Like the Pilgrims thirteen years later and many miles to the north, less than half of the initial group would survive for long. In 1622 they would nearly be swept into the ocean by the Powhatan confederated Indians, who had quite enough of having their food borrowed, begged, and finally stolen, and their people killed in the process.

But the numbers and tools and technology ultimately could not be stopped – that, and a lack of immunity to both smallpox and the (in the Old World) common cold. By as early as 1707, some estimates say that 9 out of 10 American natives were dead, and the European settlers were still coming, and marrying, and adding to their own numbers…

…And starting to think of themselves as something new, something different. It was just another fifty years before Benjamin Franklin would come up with perhaps his greatest invention: he called himself and fellow British citizens of the colonies “Americans.”

In less than a hundred years, there would be 10,000 African slaves in the Chesapeake and south of the estuary, involuntary pioneers, but early arrivals who have a “First Families” claim of their own, if not the genealogy. Americans in chains; and many of the second wave of colonial immigration from Wales and Yorkshire and the urban underclasses of London carried an indenture, as servants a bare step up from chains and slavery. Read William Byrd’s diaries, only translated out of their private code a few decades back, for a grim peek into everyday life for most everyday people in the early colonies.

Truth be told, it was easier to sing a song of history back when we could tell comfortable lies that we almost believed ourselves. Bold, independent spirits came for freedom, selflessly, bravely pushing from a barren coast into a sparsely settled wilderness whose few occupants were a mix of savage primitivism and solitary unappreciated genius, plus an amazing number of Indian princesses, most of whom jumped off of high spots out of unrequited or unauthorized love. Then their families sadly wandered off into the west, where they would meet Hispanics who had been waiting for the border to be established so they could cross it by night to come and do our masonry work.

With the last two sentences being mostly and demonstrably false, the reaction of some is anger and more generally an indifference to history. Which is not only too bad, but like leaving a Buckeyes’ game in the third quarter.
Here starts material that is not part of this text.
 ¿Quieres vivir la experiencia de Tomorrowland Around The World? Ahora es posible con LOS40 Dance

Modern historians are finding the specific, individual tales, long buried in archives, or trunks, or in the earth, where courage and love and a bit of greed and fair amount of willful moral blindness mix to make people who sound like us. They tell us about situations we cannot imagine, and point us to possibilities we might just be able to achieve.
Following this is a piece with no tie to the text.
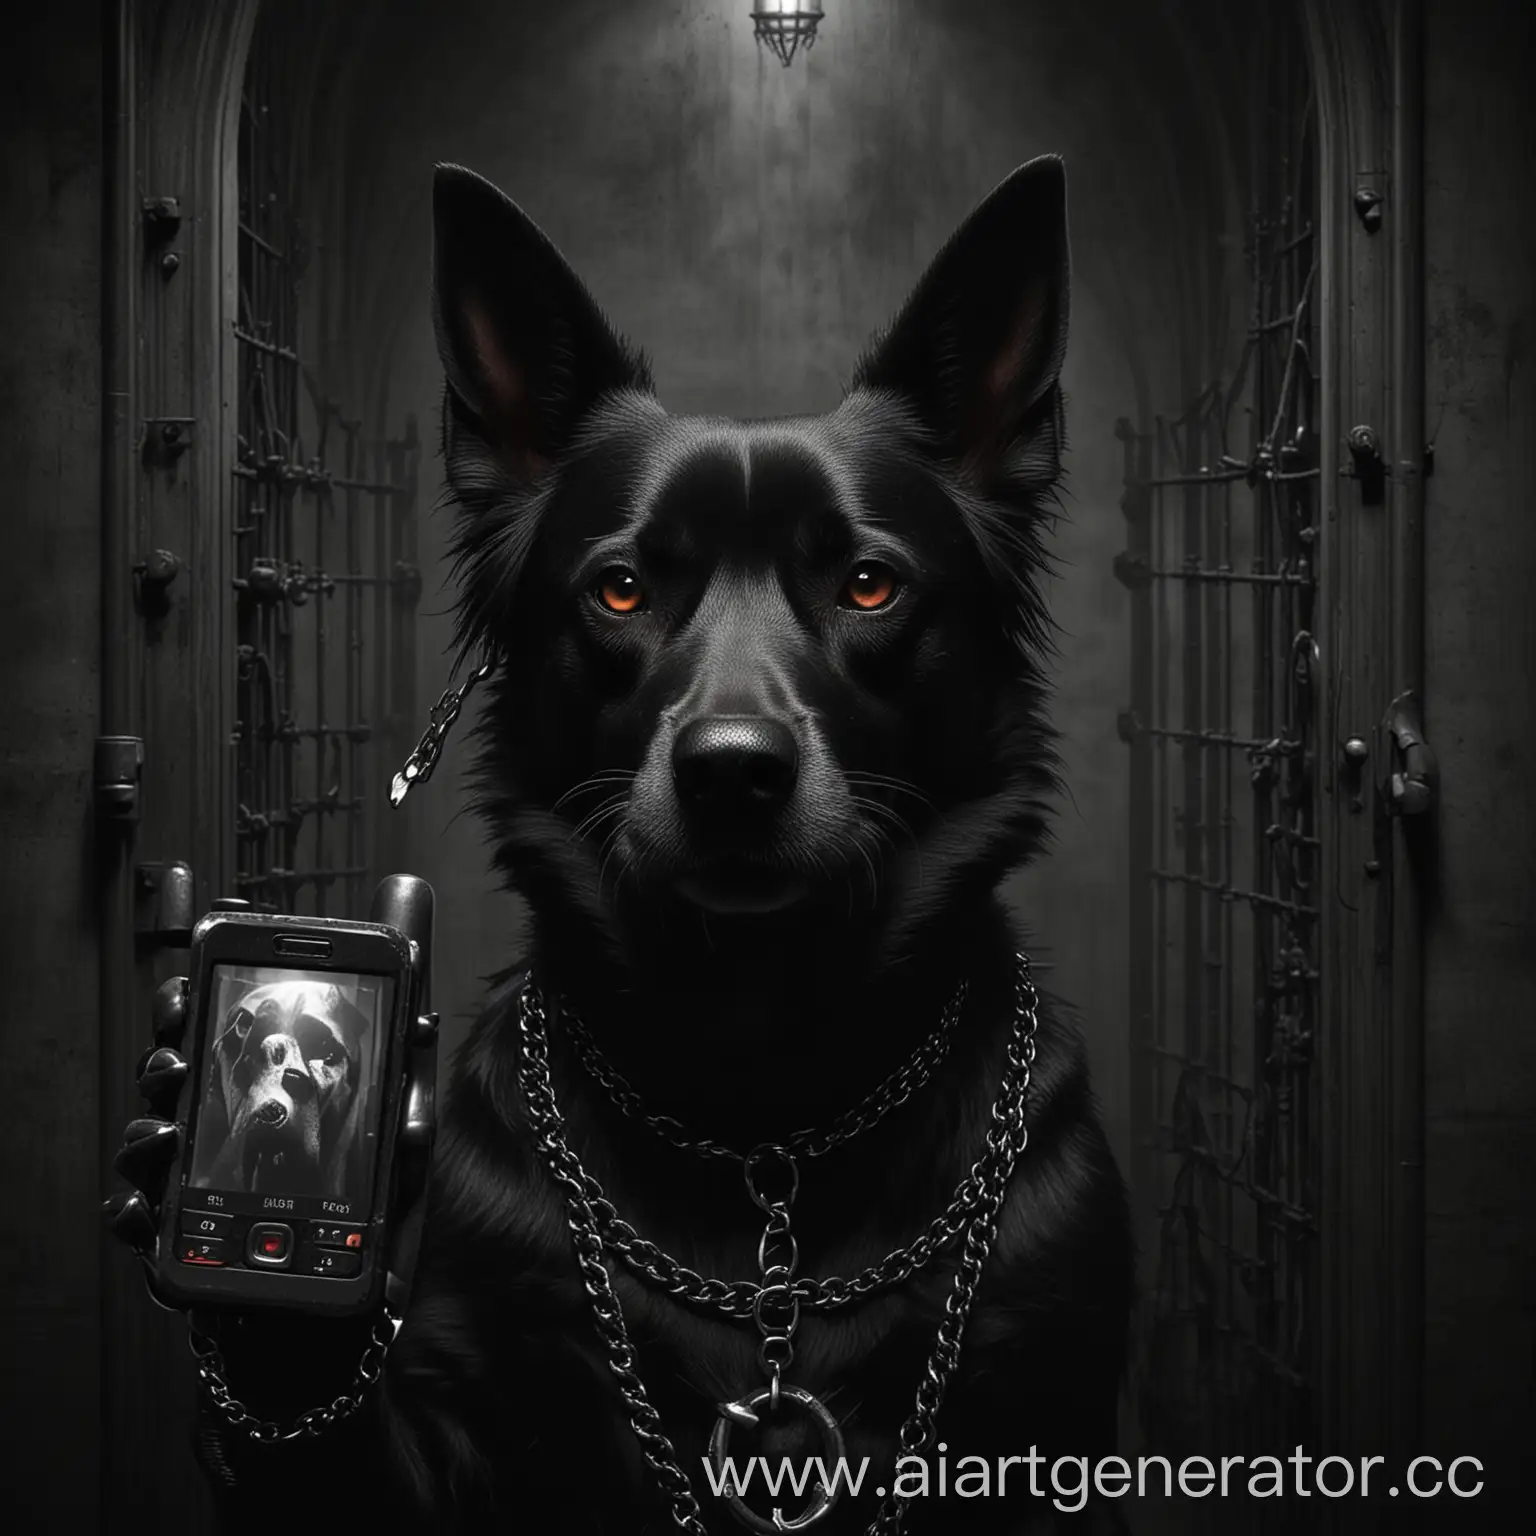 мрачная зловещая картинка злой готической собаки говорящей по готически мрачному сотовому телефону

When the Queen of England and her Consort wander through the museums of Jamestown, they are themselves relics of another age, barely understandable today, but the 400 years gone stories told there could be our neighbors. They fled danger, and occasionally good sense, in pursuit of a better life for their families, which their decisions didn’t always reach. I know those folk, and I’d like to know them better, 400 years later.